In December 2000 Congress authorized the Library of Congress to develop and execute a congressionally approved plan for a National Digital Information Infrastructure and Preservation Program. A $99.8 million congressional appropriation was made to establish the program. According to Conference Report (H. Rept. 106-1033), “The overall plan should set forth a strategy for the Library of Congress, in collaboration with other federal and nonfederal entities, to identify a national network of libraries and other organizations with responsibilities for collecting digital materials that will provide access to and maintain those materials. … In addition to developing this strategy, the plan shall set forth, in concert with the Copyright Office, the policies, protocols and strategies for the long-term preservation of such materials, including the technological infrastructure required at the Library of Congress.”

The legislation mandates that the Library work with federal entities such as the Secretary of Commerce, the director of the White House Office of Science and Technology Policy, the National Archives and Records Administration, the National Library of Medicine, the National Agricultural Library, the National Institute of Standards and Technology and “other federal, research and private libraries and institutions with expertise in telecommunications technology and electronic commerce policy.” The goal is to build a network of committed partners working through a preservation architecture with defined roles and responsibilities.

The Library of Congress digital strategy is being formulated in concert with a study, commissioned by the Librarian of Congress and undertaken by the National Research Council Computer Science and Telecommunications Board. “LC 21: A Digital Strategy for the Library of Congress” was issued July 26, 2000, and made several recommendations, including that the Library, working with other institutions, take the lead in the preservation and archiving of digital materials.

The complete text of the “Plan for the National Digital Information Infrastructure and Preservation Program” is available at www.digitalpreservation.gov.
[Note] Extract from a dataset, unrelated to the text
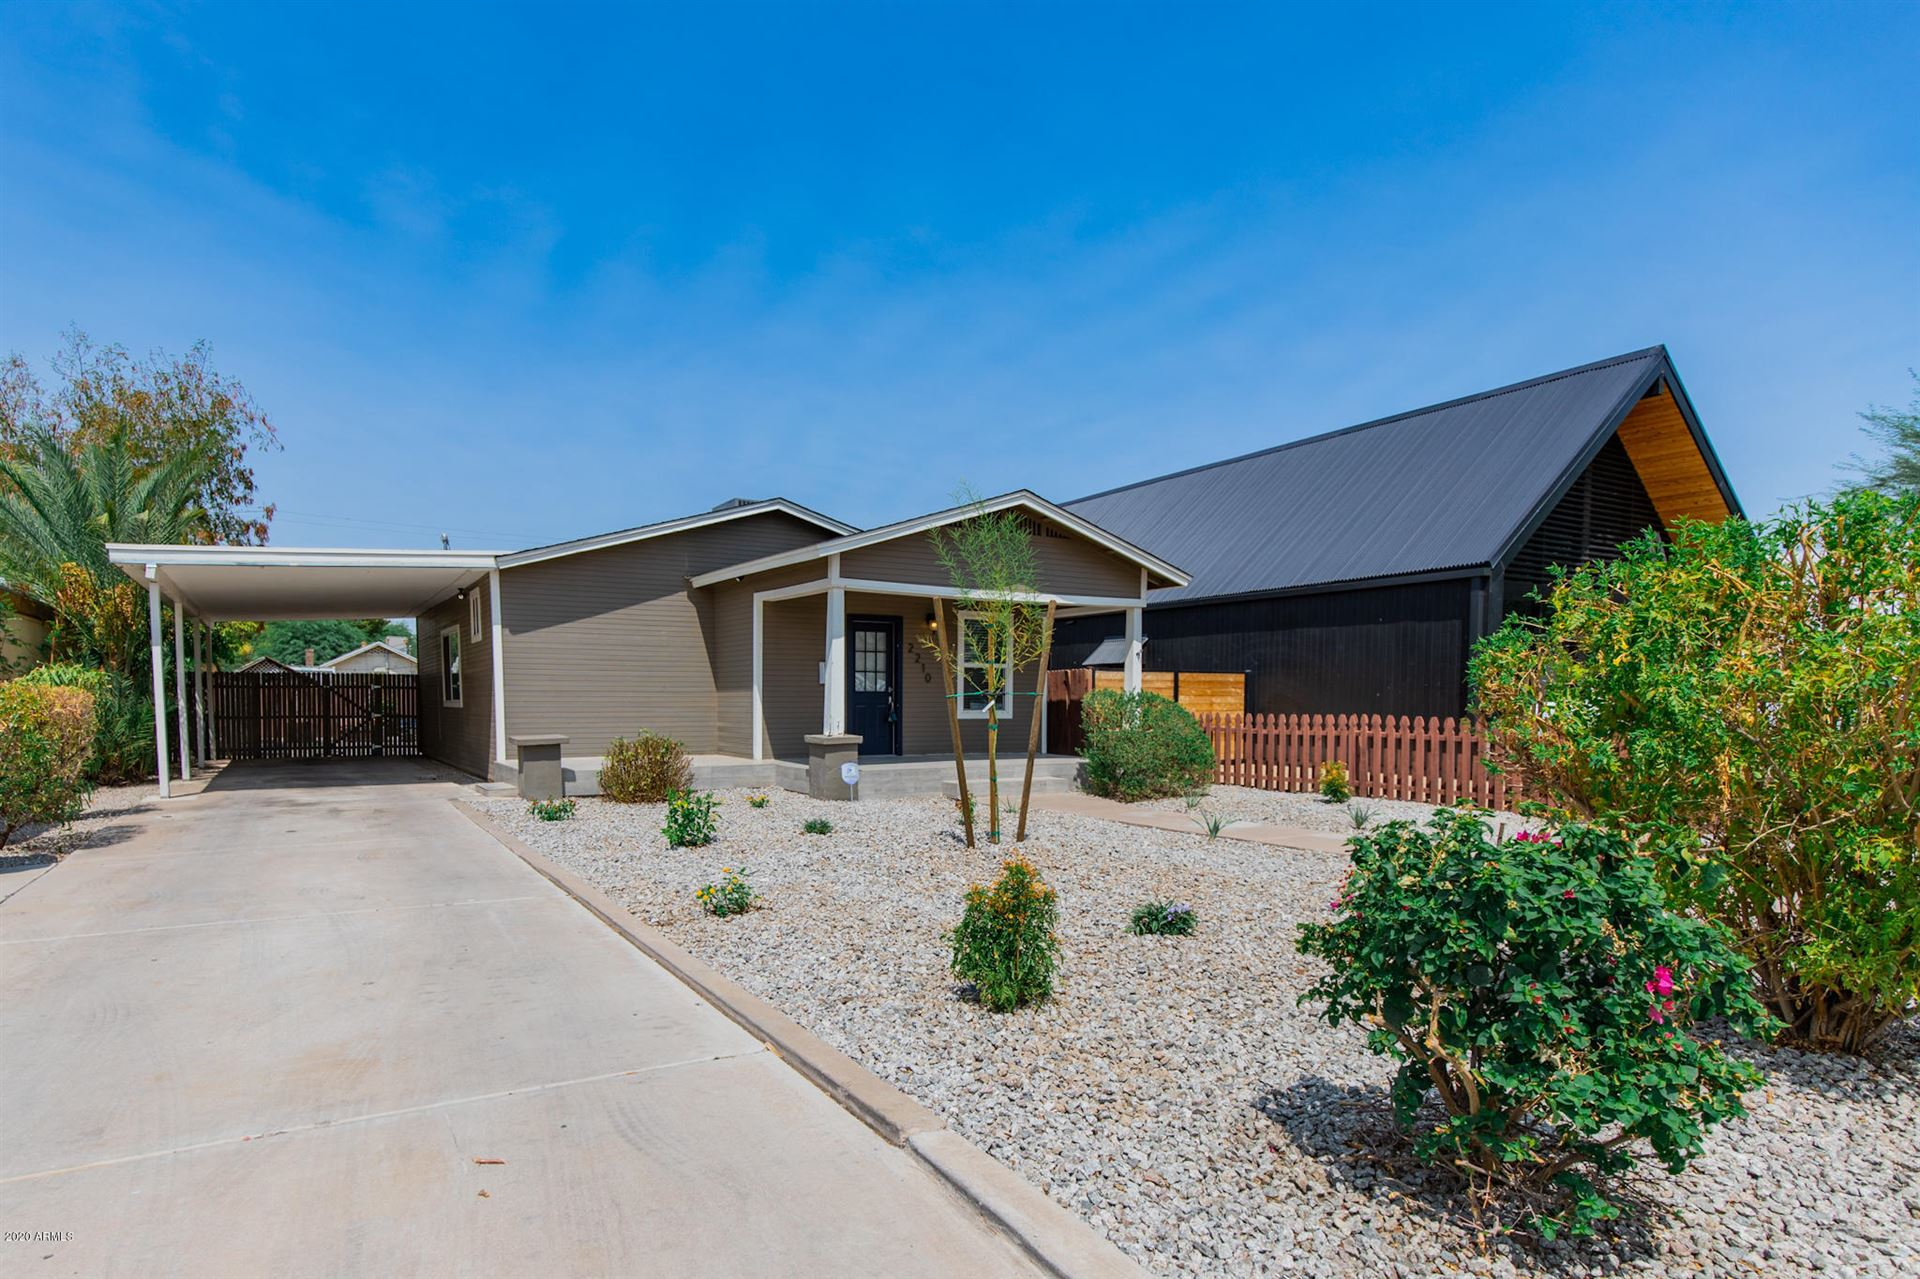 2210 N DAYTON Street, Phoenix, AZ 85006 - MLS#: 6083655

This includes an explanation of how the plan was developed, who the Library worked with to develop the plan and the key components of the digital preservation infrastructure. The plan was approved by Congress in December 2002.

The Library of Congress is the largest library in the world. Through its National Digital Library (NDL) Program, it is also one of the leading providers of noncommercial intellectual content on the Internet (www.loc.gov). The NDL Program’s flagship American Memory project, in collaboration with other institutions nationwide, makes freely available more than 9.5 million American historical items.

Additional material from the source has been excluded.